When I computed the orthogonal polynomial features for Time, they were scaled so that the linear feature ranged from −.5 to .5. Under this scaling a unit change in Time1 was equal to change from the start to the end of the analysis window. Table B.1 shows the ranges of the time features.
Feature | Min | Max | Range |
---|---|---|---|
Time1 | −0.50 | 0.50 | 1.00 |
Time2 | −0.33 | 0.60 | 0.93 |
Time3 | −0.63 | 0.63 | 1.26 |
Trial window (ms) | 250 | 1500 | 1250 |
It took approximately 24 hours to run the model on four Monte Carlo sampling chains with 1,000 warm-up iterations and 1,000 sampling iterations. Warm-up iterations are discarded, so the model comprises 4,000 samples from the posterior distribution.
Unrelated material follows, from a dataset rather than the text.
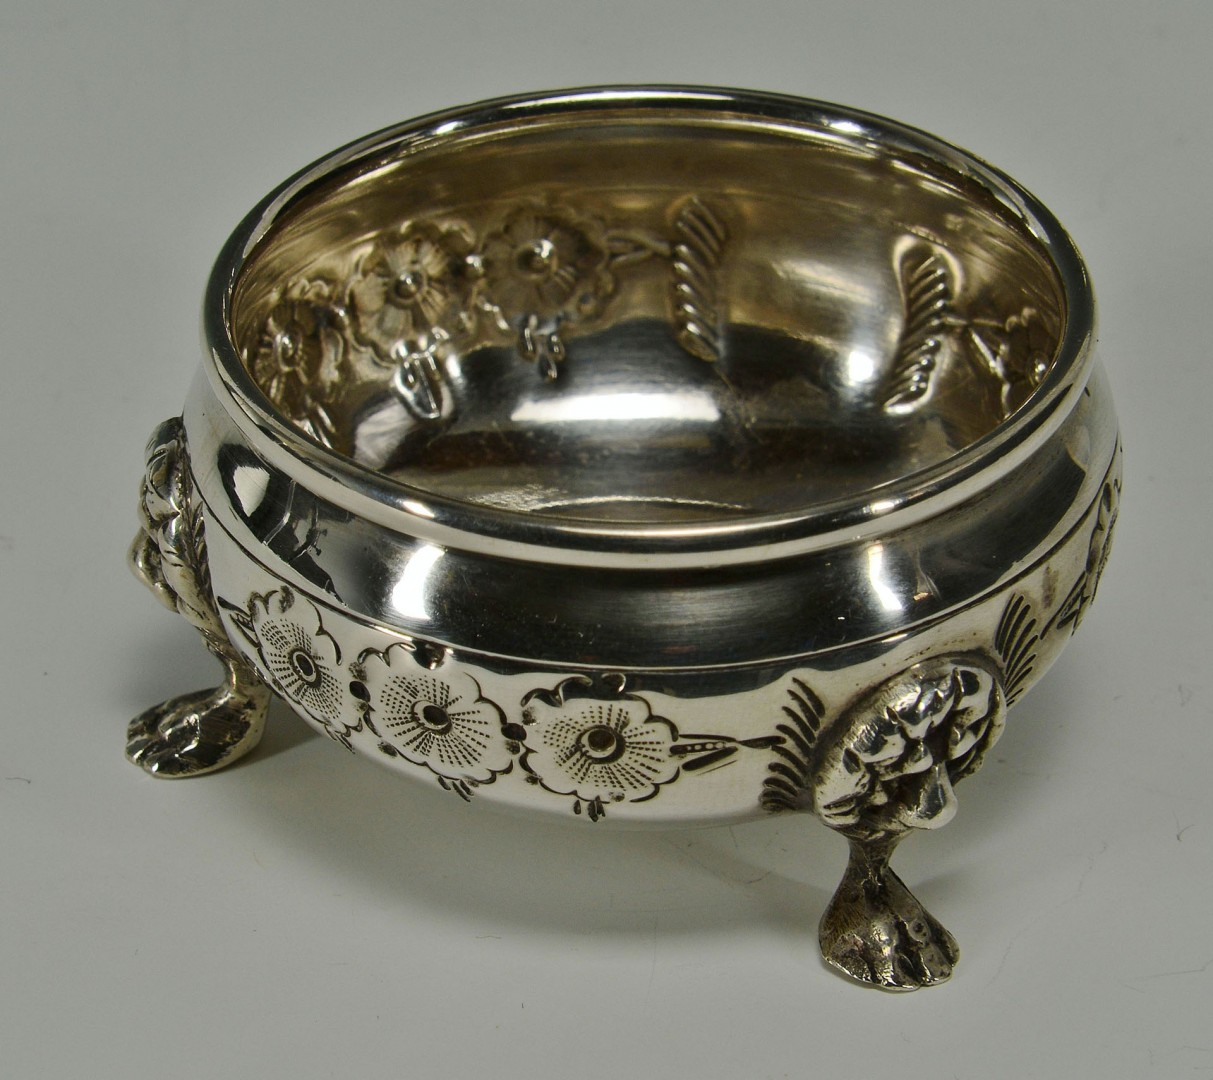 Lot 295: Hand chased sterling silver salts and peppers

The code used to fit the model with RStanARM is printed below. The variables ot1
, ot2
, and ot3
are the polynomial time features, ResearchID
identifies children, and Study
identifies the age/year of the longitudinal project. Mnemonically, ot
stands for orthogonal time and the number is the degree of the polynomial. This convention is used by Mirman (2014). Study
refers to the timepoint (year) of the larger longitudinal investigation. Conceptually, I use study to mean a data-collection unit, and I think of each wave of testing with their somewhat different tasks and protocols as separate studies. Primary
counts the number of looks to the target image at each time bin; Others
counts looks to the other three images. cbind(Primary, Others)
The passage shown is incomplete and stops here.